There were photographs of his father, Dr. Kyaw Win Thu, on the wall too, a slender man with a slightly impish grin and penetrating eyes, eyes that looked so directly at Teza that he sometimes had to turn away from their gaze. The doctor’s mouth often seemed to be puckered slightly, as if he wanted to speak but was hesitating. What? What was he going to say? When Teza was a teenager, his father’s photographs impressed him as much as Bogyoke Aung San’s did; both men’s faces showed so much purpose and intelligence. And both were inseparable from a devastating sense of loss.

Bogyoke Aung San’s face was and still is everywhere. It stared out from the front wall of every classroom Teza ever entered. They had a picture of him in the family sitting room too; it was the first thing you saw when you walked into the house. He remembers Bogyoke Aung San’s intelligent eyes turned toward a future they would never see. In that image the singer finds Daw Suu’s more delicate narrow jaw and cheeks, the fine bone structure visible through the flesh, giving both father and daughter a severe and haunting dignity.

Now the daughter’s face is iconic, revered in the same way, but it’s illegal, and very dangerous, to exhibit her portrait in public. As soon as she became politically involved, images of her started to circulate. Teza once showed her photo to people in a tea shop. Country folk, in the city to join the demonstrations for a day, they crowded around his little table and asked him hushed questions about the famous lady, daughter of the great man.

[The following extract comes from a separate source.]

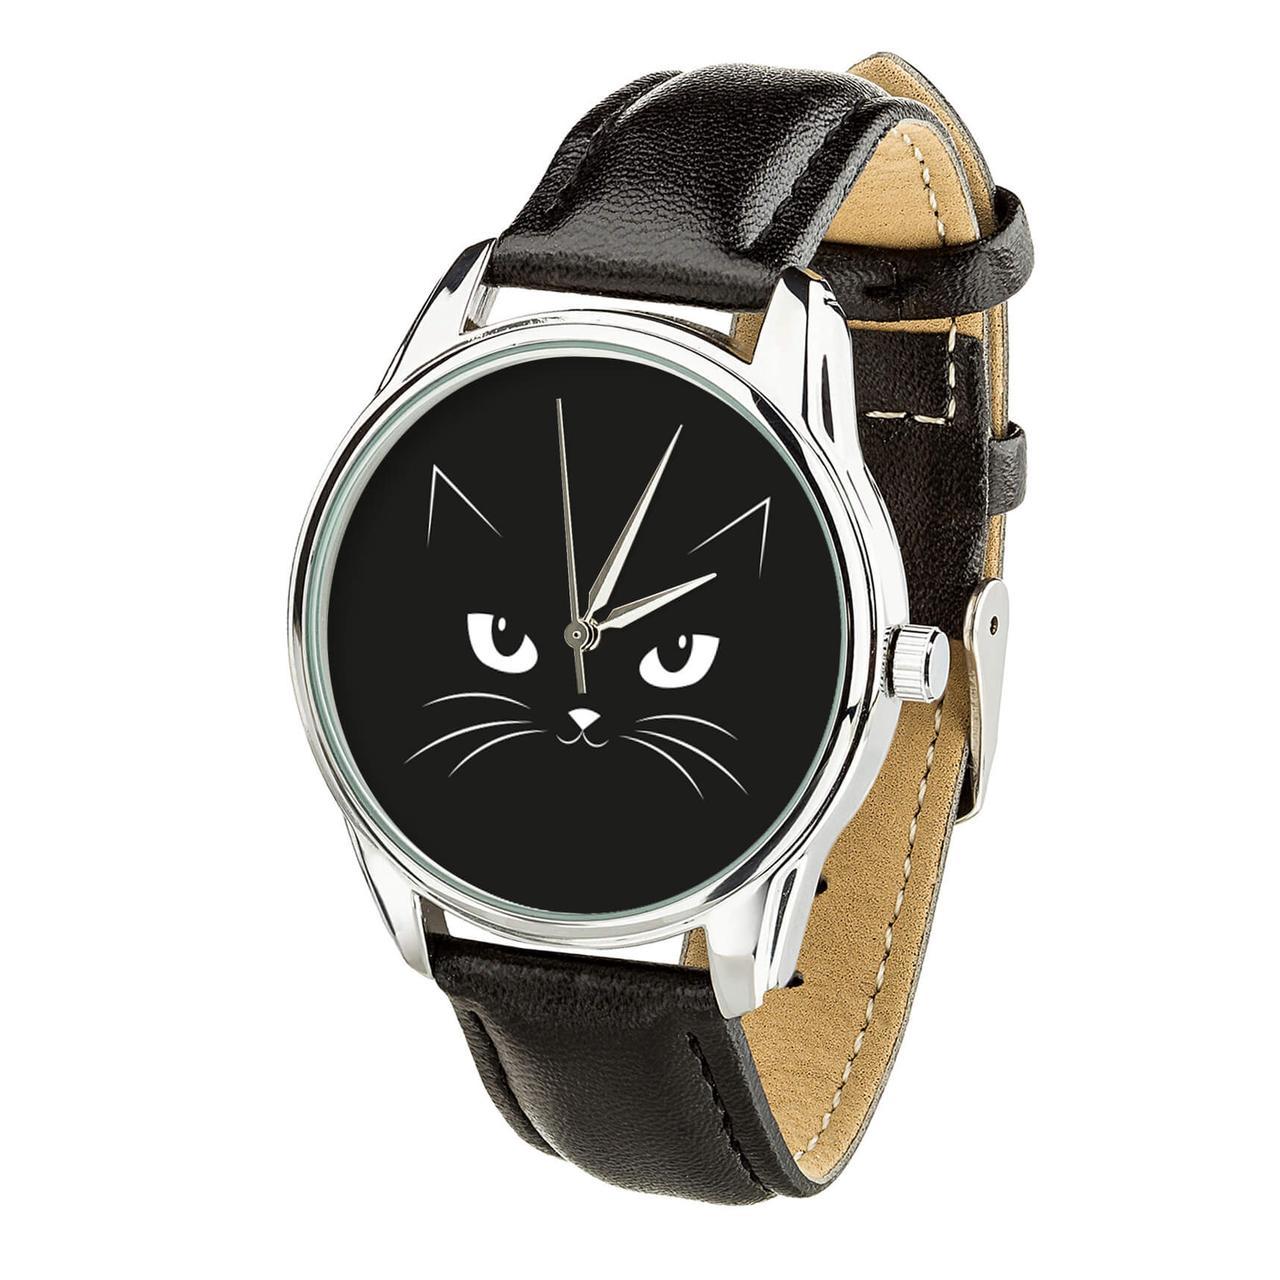 Годинник ZIZ Котячий (ремінець насичено - чорний, срібло) + додатковий ремінець

She does look like him. But her popularity can’t be explained solely by her link to Bogyoke Aung San. Part of her power, Teza thinks, lies in the fact that she is both Burmese and foreign. She has come from the outside world and chosen to stay in this isolated country. She is a refined Burmese woman, and a Buddhist—the latter is very important for the people. But what she carries from her life abroad is the future, which is already happening everywhere outside of Burma. She is the link between that future and Burma’s past.